We used Mimulus cardinalis (aka Erythranthe cardinalis, Phyrmaceae) as our focal species to test a series of hypotheses regarding geographic range limits. Amy and I received funding through NSF (DEB-0950171) to take a multifaceted approach to understanding what limits the distribution of M. cardinalis. Specifically, we are integrating occupancy surveys, demographic monitoring, and historical inference using population genetic methods to gain a comprehensive understanding of the factors that regulate the distribution of M. cardinalis.
Our research builds on Amy’s previous work in this system, in which she focused on understanding elevational range limits in M. cardinalis and M. lewisii. Using demographic monitoring of populations at the center and margin of these two species’ elevational ranges, Amy found that marginal M. lewisii populations had suppressed population growth rates compared to central populations, while M. cardinalis showed the opposite trend, with the highest population growth rates in marginal (higher elevation) populations (Angert 2006, Angert 2009). In addition, in reciprocal transplant experiments, Amy’s research demonstrated that these species survive and/or reproduce poorly outside of their natural elevational ranges, ruling out dispersal limitation as a viable explanation for their absence beyond their range margins (Angert and Schemske 2005). Growth chamber experiments indicate that adaptation to different temperature regimes plays a pivotal role in restricting the ranges in these species (Angert 2006). Finally, she produced interspecific hybrids of M.lewisii and M. cardinalis, grew them at low and high elevations, mated the survivors at each elevation, and then grew the resulting progeny in a common greenhouse environment. The relative fitness of these two selected hybrid populations were then compared to an unselected control population to look for evidence of adaptive trade-offs. This experiment demonstrated the role of adaptive trade-offs to temperature in restricting the ability of these species to adapt to novel conditions at their range margins (Angert et al. 2008) .
For our current work, we are focusing on M. cardinalis, a wide-ranging species found from the Baja Peninsula in Mexico north to central Oregon, and from the Pacific coast east to the Sierra Nevada Mountains in California (as well as a disjunct population in Arizona). We took what we knew about elevational range limits in M. cardinalis, and investigated if common processes and mechanisms can be invoked to explain general geographic range limits in this species.
In 2008 we conducted extensive surveys to assess presence and absence of populations throughout the Northern two-thirds of the range, focusing on a latitudinal transect from the southern Sierras to central Oregon. Amy’s lab has also established sites for demographic monitoring of populations along this transect, as well as extending towards the southern range limit (mirroring the demography sites that Amy previously established in Yosemite National Park). Over two summers we expanded our occupancy surveys to quantify presence/absence of populations throughout the range based on stratified random points distributed throughout the range and beyond the current range margin.

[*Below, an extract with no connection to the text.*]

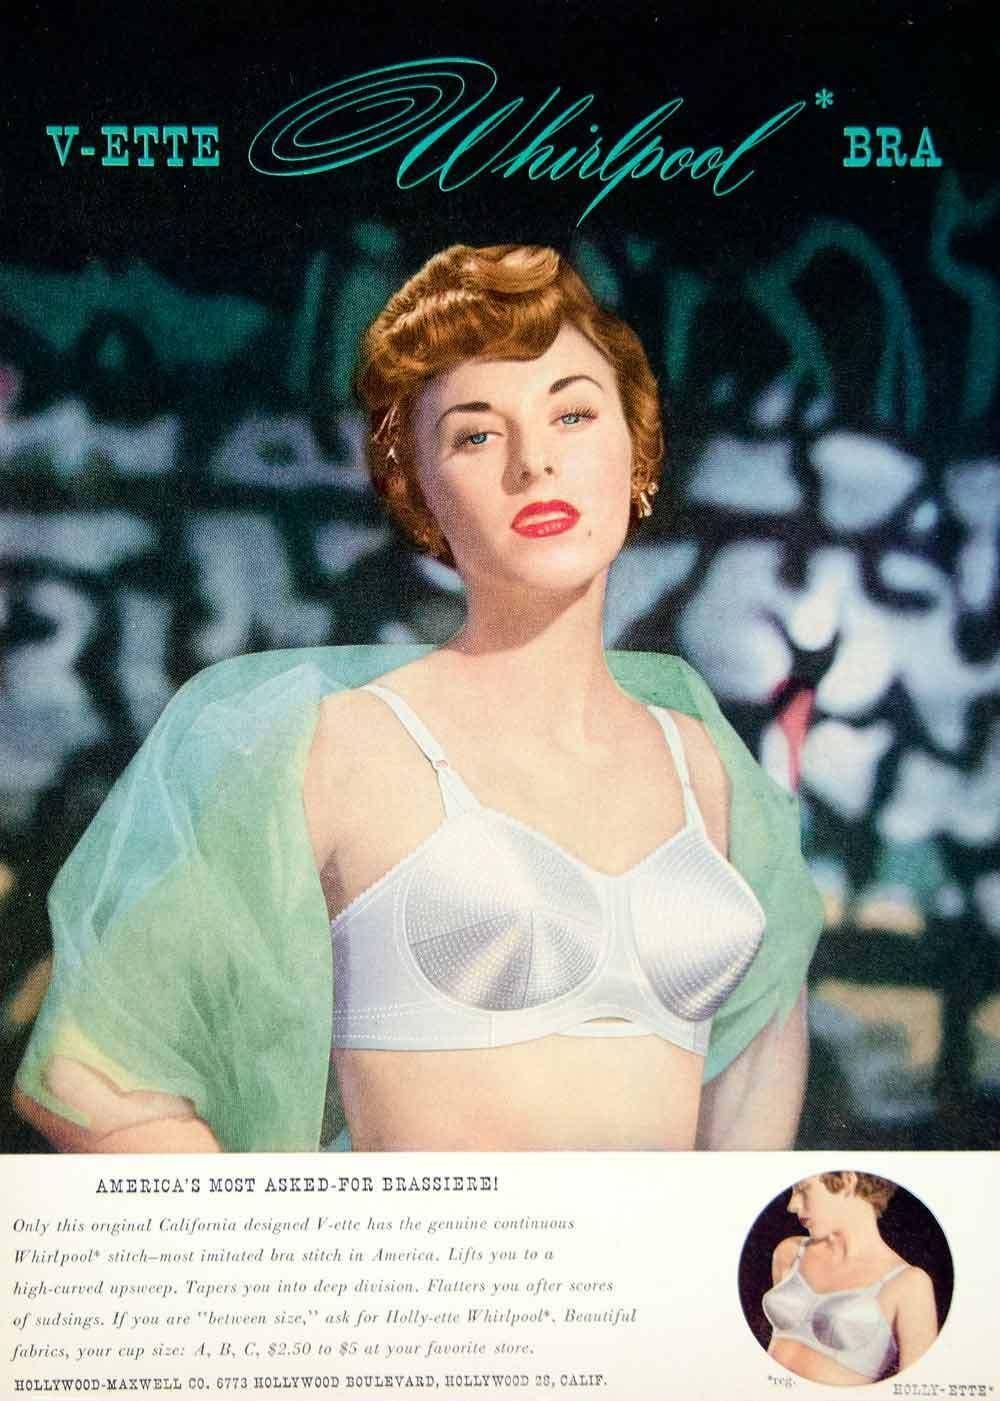 591559de50 1949 Ad V-ette Whirlpool Bra Brassiere Hollywood-Maxwell Underwear 40s  Fashion

Our preliminary lab work focused on DNA sequencing a number nuclear introns from populations across the range, with our main focus centered on the Sierra to Oregon transect. The distribution of haplotype frequencies indicate that M. cardinalis shows genetic structure at the scale of major river drainages, with a strong signal of isolation by distance. We are using the sequence data to infer the historical demography of latitudinally central and marginal populations, focusing on the magnitude and directionality of historical gene flow between populations. These analyses will help us determine if the northern latitudinal limit in M. cardinalis is an equilibrial range limit, potentially set by swamping gene flow or metapopulation dynamics (or some combination of these processes). Alternatively, the northern range limit may not be a limit at all, but rather the current extent of an ongoing or recent range expansion. We also used population genomic approaches to help us distinguish these alternatives. We now have high-throughput DNA sequencing data from many loci and many populations, allowing us to draw more rigorous conclusions about range wide population genetic structure.
In the greenhouse and growth chambers, we experimentally quantified the phenotypic differentiation of M. cardinalis populations across the range. We planted seeds from populations on our latitudinal transect and made clones of the individuals. These clones have then been subjected to various temperature regimes in the growth chamber, allowing us to see how replicate genotypes respond to different temperature treatments. These data were used in conjunction with our genetic data to investigate how genetic and phenotypic differentiation are related across the geographic range.